For instance, we regard the coefficients of diffusion for oxygen, glucose and lactic acid found in literature as highly reliable. Both theoretical and experimentally measured values for the diffusion coefficients of each chemical species have been reported. These reported values are consistently in the same order of magnitude and an averaged value is used in our simulations.

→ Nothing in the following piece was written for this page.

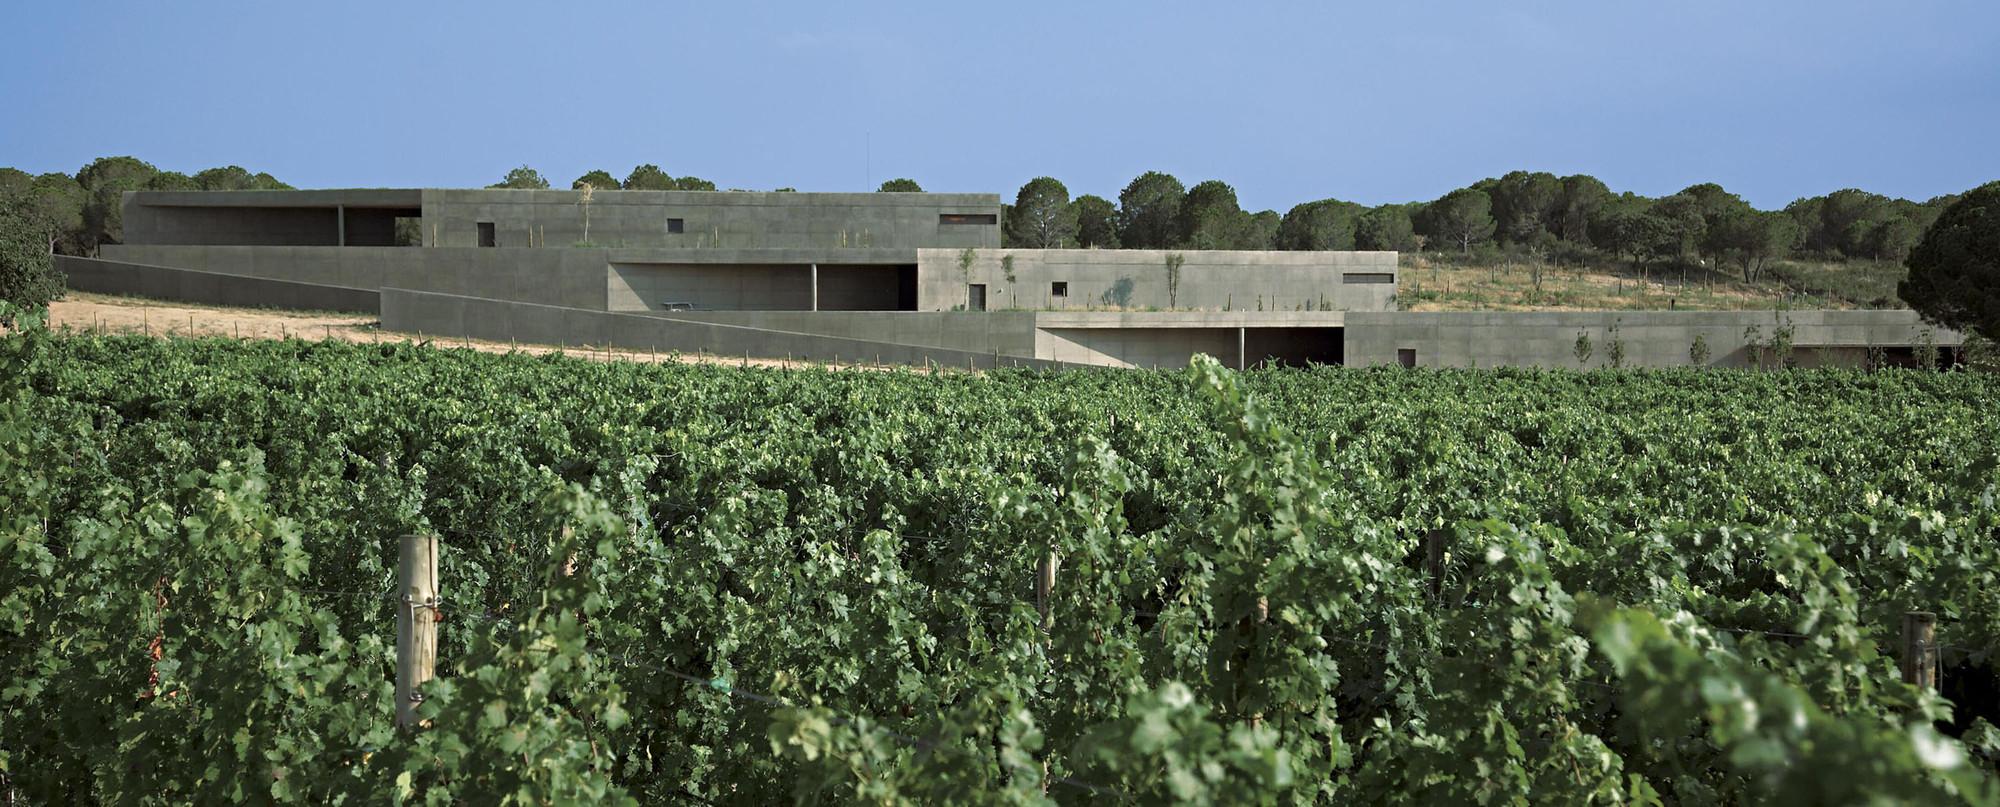 Terra Remota Winery / Untaller, © Lluís Casals

The metabolism parameters have no (in the case of glucose and lactic acid) or a relatively low level of impact on the outcome of interest in our model: the cell growth in the culture. Therefore, we used an averaged value for the glucose and oxygen metabolism parameters from the reported values. The reported values for oxygen were all consistent in the order of magnitude and the values were quoted for chondrocytes and fibroblasts, which are relatively close to osteoblasts. As we do not have any experimental data on oxygen concentration in the culture under investigation, these values are satisfactory. It is possible to parameterise the glucose metabolism parameters to the experimental metabolite data, but this is not prioritised as this element is not modelled to impact cell growth.

In contrast, the cell growth parameters are scarcely reported in the literature, and no values for either were found for the same cell type or even species. These values are also inherently dependent on the experimental setup in addition to the cell type. As the most dominant determinants of culture growth, it was prioritised to determine the proliferation and death parameters through data fitting to the experimental results summarised in section ‘Experimental data’. The procedure for this is overviewed next.

Parameterisation

Parameterisation of the model was performed by varying the relevant growth parameters (β and P), examining their effect on the final cell number and comparing this to the cell numbers measured experimentally (Figure 4). The goal was to maximise the statistical R2 value defined by

R2=1SSerrSStot=1i(yiy^i)2i(yiy¯)2 (15)

where SSerr is the sum of squared residuals, SStot is the total sum of squares, yi is an experimental data point, y^i is the equivalent simulation point and y^i is the average of all experimental data points. The growth parameters which produced the highest R2 value looking at data from days 1 to 5 were chosen as the data fits and used in the following simulations predicting cell growth under different culture conditions.

Model implementation and solution

The model equations were implemented and solved in COMSOL Multiphysics, Version 5.4 base system, where the ‘Transport of Chemical Species’ physics package was used for the diffusion of the metabolites – oxygen, glucose and lactic acid. The standard transport model (diffusion-only) was solved in 24 s, where the normal in-built mesh setting corresponding to 8505 mesh elements was used. Analysis of sensitivity to the mesh size found that for O2 concentration at a single point, the error between results obtained with the normal mesh size and those obtained with the extremely fine mesh size (1,135,776 mesh elements) is less than 0.5%. The gain in accuracy of the results did not justify the increase in computational time to 40 min.

Results and discussion

Experimental data

Here, we provide a brief summary of the experimental data used to parameterise the model, which is presented in detail in Peticone et al.41 (for CoO-doped bioactive glasses) and in De Silva Thompson et al.42 (for TiO2-doped bioactive glasses).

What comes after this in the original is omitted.